§ **Dataset excerpt**
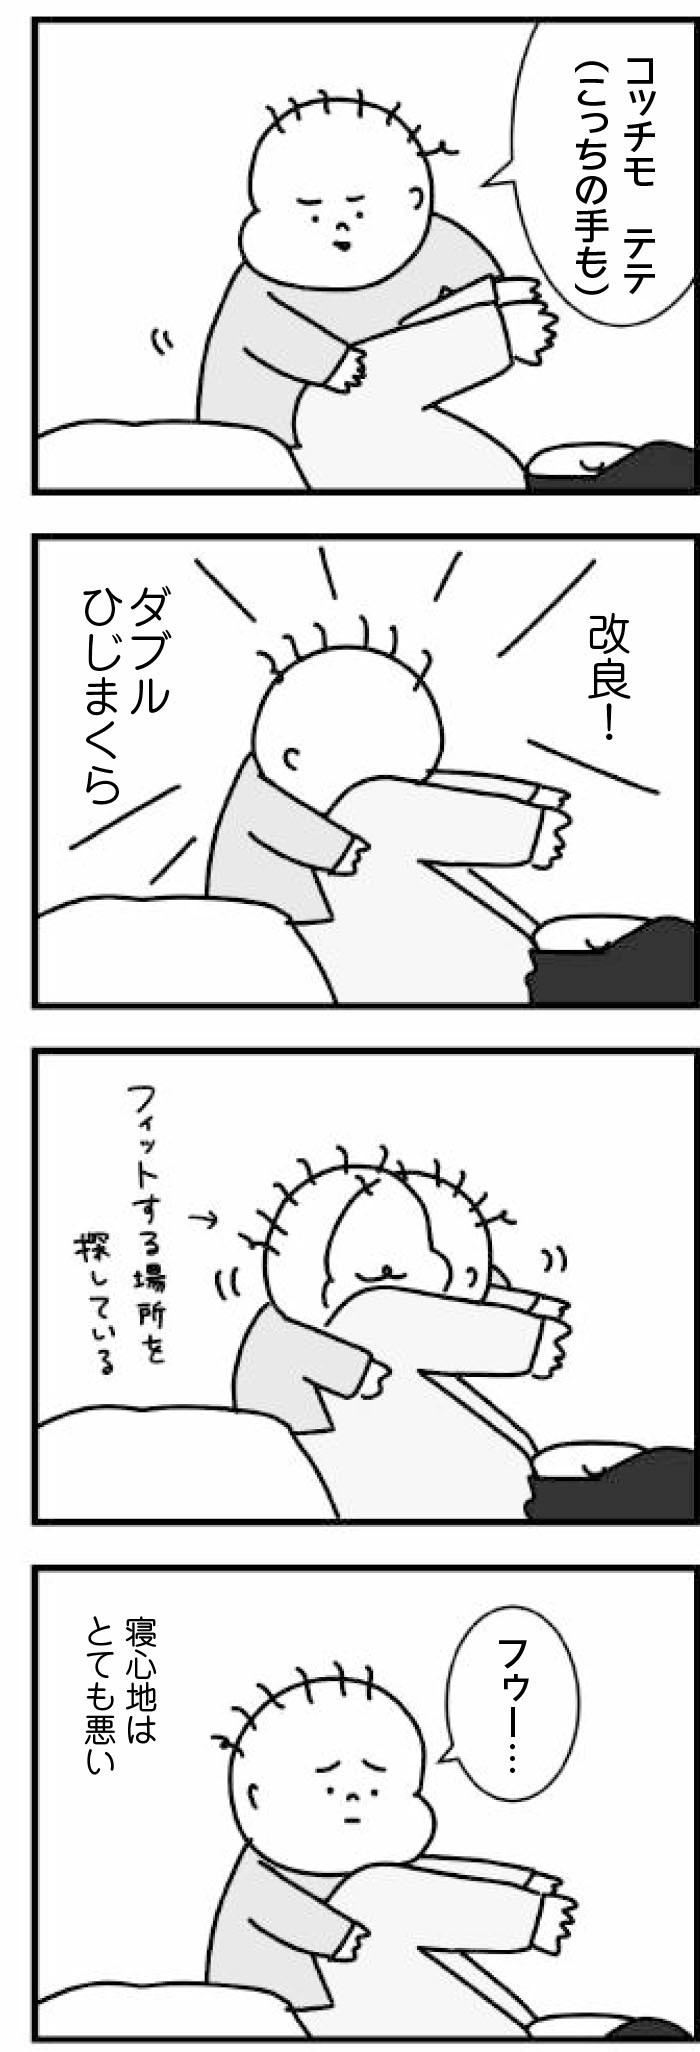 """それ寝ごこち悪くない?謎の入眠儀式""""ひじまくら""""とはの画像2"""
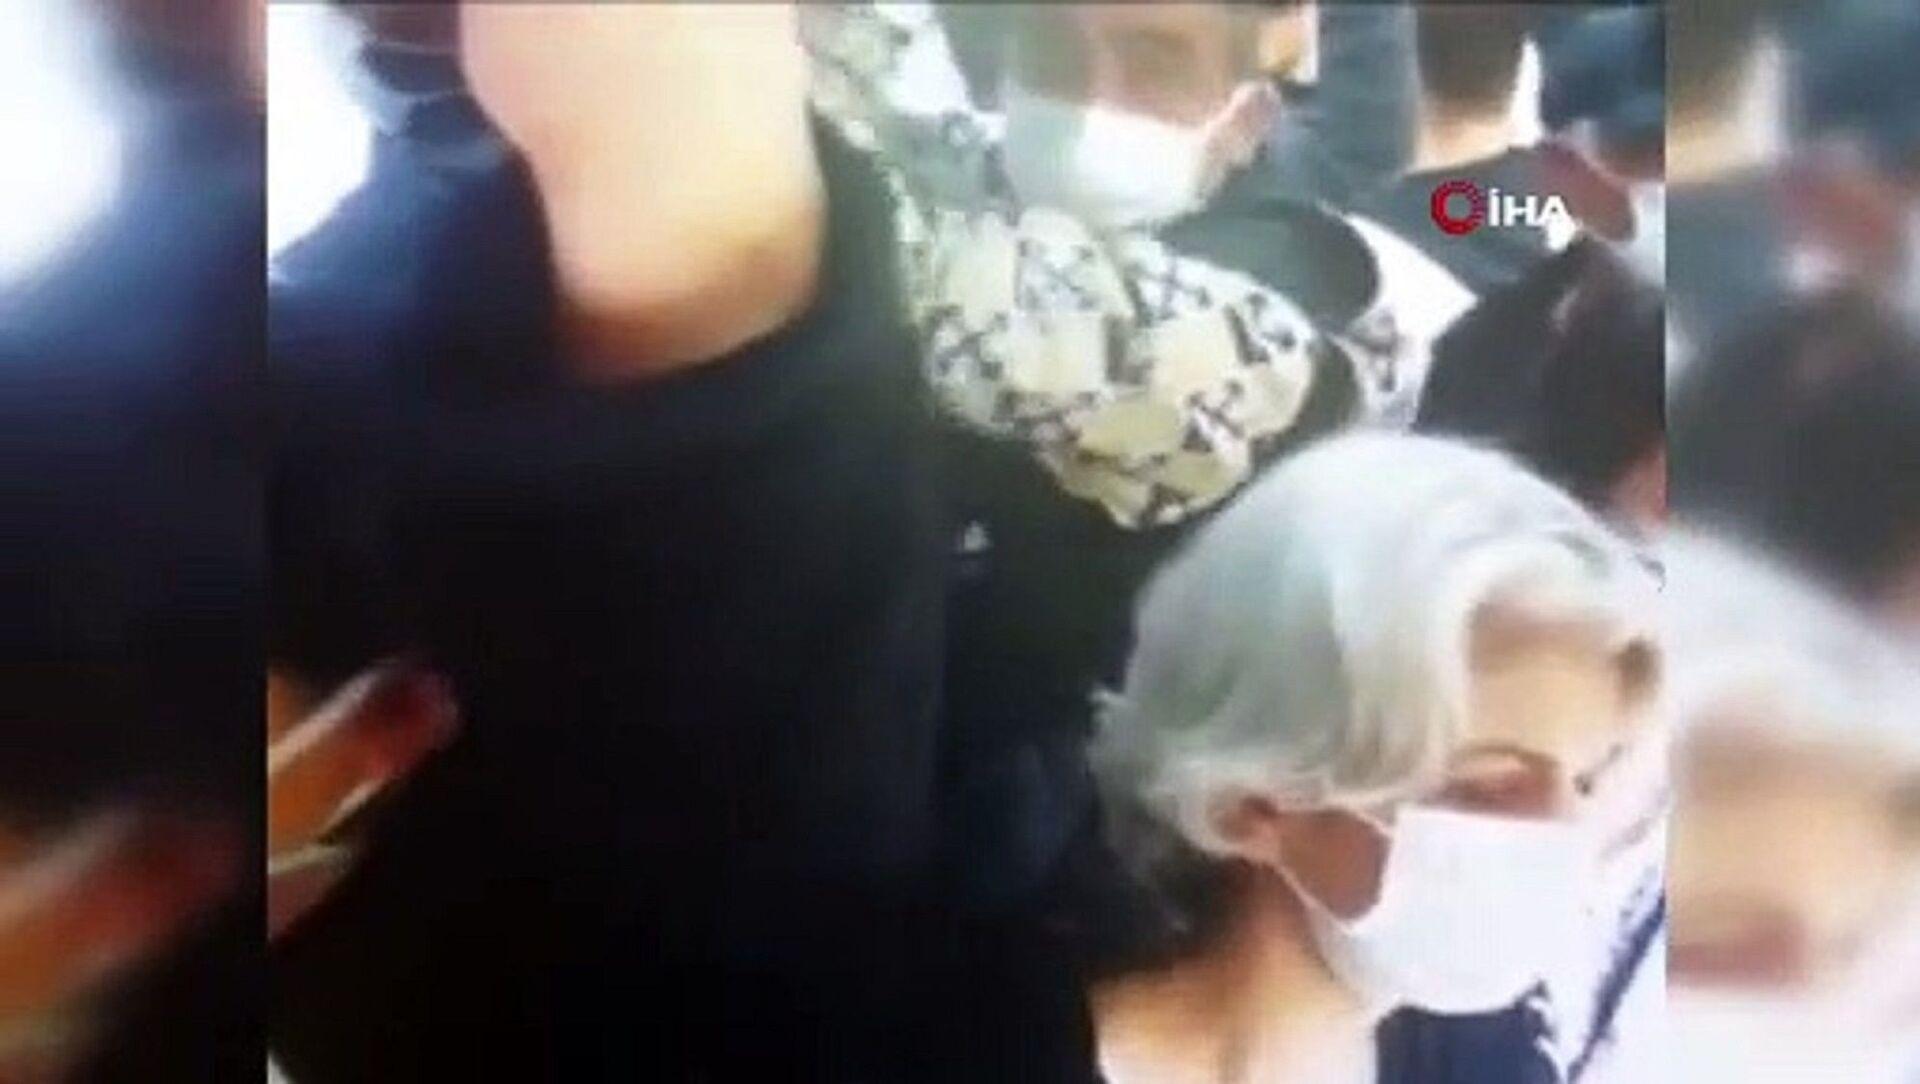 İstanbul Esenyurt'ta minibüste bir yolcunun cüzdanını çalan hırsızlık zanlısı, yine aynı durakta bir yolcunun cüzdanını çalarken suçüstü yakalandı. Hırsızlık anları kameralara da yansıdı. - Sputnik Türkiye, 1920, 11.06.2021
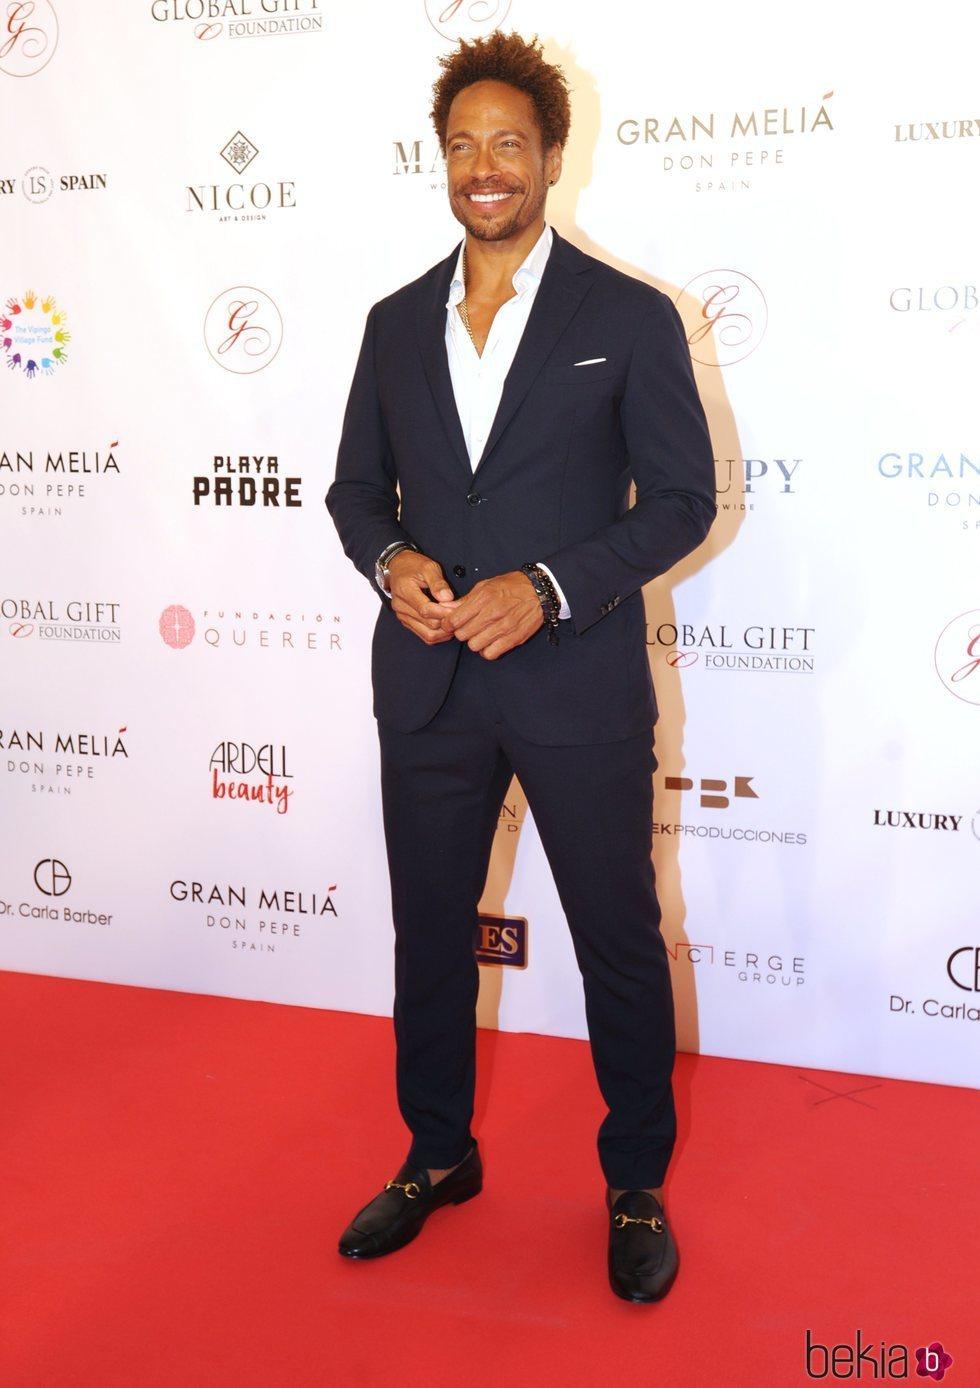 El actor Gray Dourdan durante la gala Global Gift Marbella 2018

§ **What to work on**
Your copy should hold exactly the lines from the one that contains "İstanbul Esenyurt'ta minibüste" through the final line of the data, both ends included, and no pictures.

§ **Result**
 İstanbul Esenyurt'ta minibüste bir yolcunun cüzdanını çalan hırsızlık zanlısı, yine aynı durakta bir yolcunun cüzdanını çalarken suçüstü yakalandı. Hırsızlık anları kameralara da yansıdı. - Sputnik Türkiye, 1920, 11.06.2021
 El actor Gray Dourdan durante la gala Global Gift Marbella 2018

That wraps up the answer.